Short THREAD on the @UKLabour heartlands.

A 2016 study found that the sharp decline in the number of working-class  @UKLabour MPs had - entirely predictably - caused a slump in support among voters with similar backgrounds,

https://pure.royalholloway.ac.uk/portal/en/publications/a-growing-class-divide-mps-and-voters(4f318307-6ddf-46f9-85ef-9e294b438407).html
The study says Neil Kinnock & Tony Blair made a deliberate & concerted effort to select “more & more middle-class candidates to run for office during the 1980s & 1990s as part of an effort to rebrand,” resulting in success at the ballot box.
But the study claimed that the “conscious electoral strategy” of reducing working-class MPs stored up intractable problems for @UKLabour - played out with the rise of UKIP & Brexit - as working-class voters, who initially simply didn’t vote in response, sought an alternative.
Working-class people are much more likely than middle-class people to vote @UKLabour when the party contains a substantial number of working-class MPs, and variation over time in the number of working-class Labour MPs closely tracks the strength of such class voting".
Even when other factors were controlled, the number of MPs from poorer backgrounds had an effect.

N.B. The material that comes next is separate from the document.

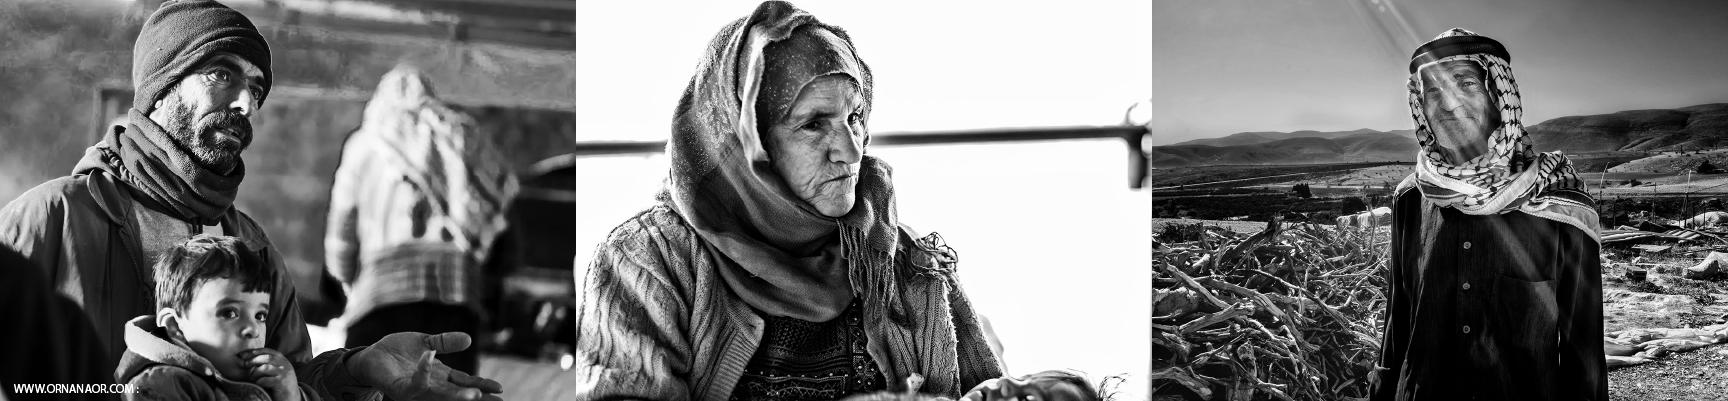 אלה האנשים בבקעת הירדן שחשופים להטרדות התעללות והריסות. צילום: אורנה נאור
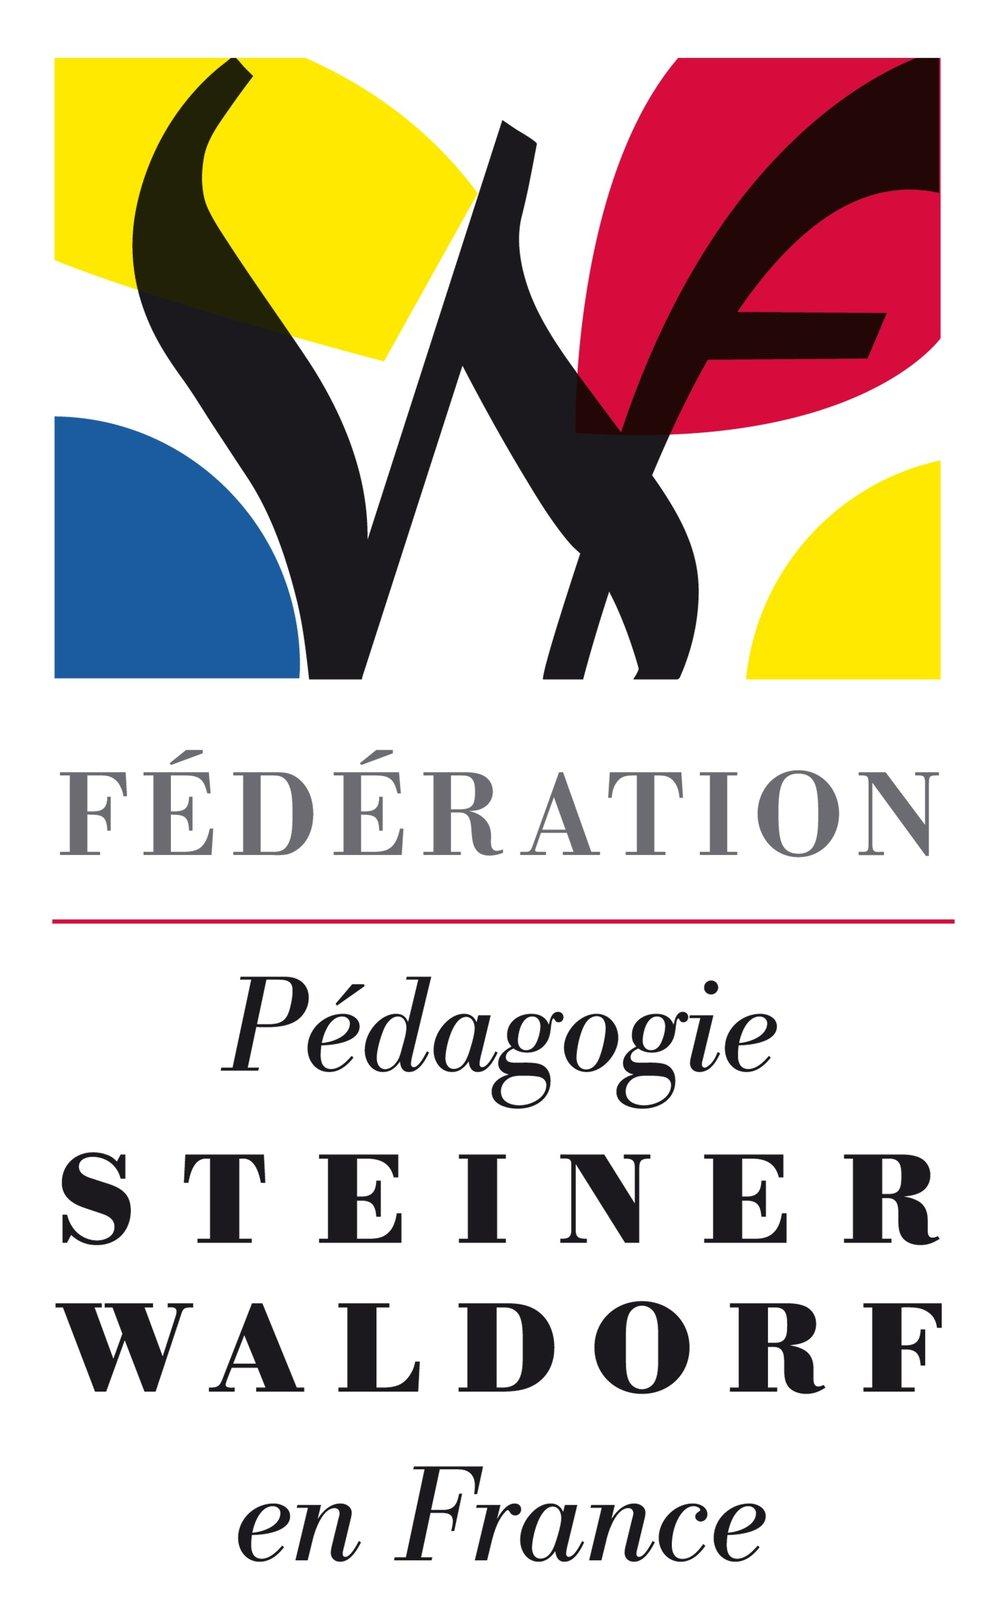 web-logoSteineGrand-RVB.jpg

The fact that 37% of Labour MPs came from a manual occupational background in 1964 but just 7% did in 2015 had profoundly harmed the party’s image among its traditional voters.
“The research showed that as @UKLabour candidates became more middle class, many working-class people simply stopped voting. For the last 20-30 years we have had a picture of gradually growing working-class abstention": people felt Labour was no longer representing them.
"They became alienated from the political process – and that went unnoticed for quite some time. But these alienated voters are fertile territory for being remobilised,” & that is why they were drawn to UKIP and then – more clearly – the vote for Brexit.
“It is very difficult for @UKLabour to rebuild the connection in a credible way. The party needs to reassess what its social identity is – who it wants to represent: the disaffected working-class voters in the north or the more liberal middle classes".
This STILL a problem that the @UKLabour leadership shows little sign of explicitly engaging in. Meanwhile the @Conservatives have wisely increased the number of working class MPs, while Labour flaps about. Occasionally dropping words like 'patriotism' isn't going to cut it.
I think @UKLabour is still struggling to define a strong, clear identity.

The original shift away from poorer candidates was started by Kinnock as part of an effort to break links with the unions, and disassociate with working-class radicalism - now it looks like a BIG mistake.
His research found that the problem was most acute with wealthy candidates, finding that they tended to “particularly repel” the working classes, because they were not seen as "approachable." Hence the being "intensely relaxed" about the grotesque wealth accumulated at the top 1%
“MPs from privileged backgrounds are perceived as less ‘in touch’ by working-class voters, who regard a pledge to stand up for the underprivileged as more credible coming from someone whose own background is modest than a similar promise coming from the child of millionaires".
Political parties had rightly tried hard to increase the representation of women, ethnic minorities and young people in Westminster. “But the representation of those groups has been growing over time, while the representation of working-class MPs has been falling".
Jonathan Ashworth said: “This is a problem for politics across the piste, but the @UKLabour party needs to increase its efforts to find candidates who come from the communities we want to represent. That is more working-class, female & more black & ethnic minority candidates.”
I think @UKLabour members & supporters have a right to know what the Party's strategy is.

I'm getting fed up of waiting, of not knowing, & I get the impression that Labour has just gone back to the formula used by New Labour - but we're in a very different country & world now.
I see concerning signs that @UKLabour is losing support from important voters: from many w/c people who feel alienated, unrepresented & ignored; from the many women concerned about "self-ID"; from those concerned about climate-change; & especially from millions of voters who were
inspired to become Politically engaged by @UKLabour's more "radical" agenda (normal across much of western Europe), concerned with making society MUCH fairer & MUCH greener, primarily by tackling the greed & growing unchecked power of corporations, & grotesque wealth inequality.
We need a @UKLabour Party willing to tackle greed & corruption, which reduces division, which represents the 99% (not the 1%), which promotes secure jobs & fair pay for ALL workers, helps those in need & delivers a functional, impartial legal system which treats EVERYONE equally.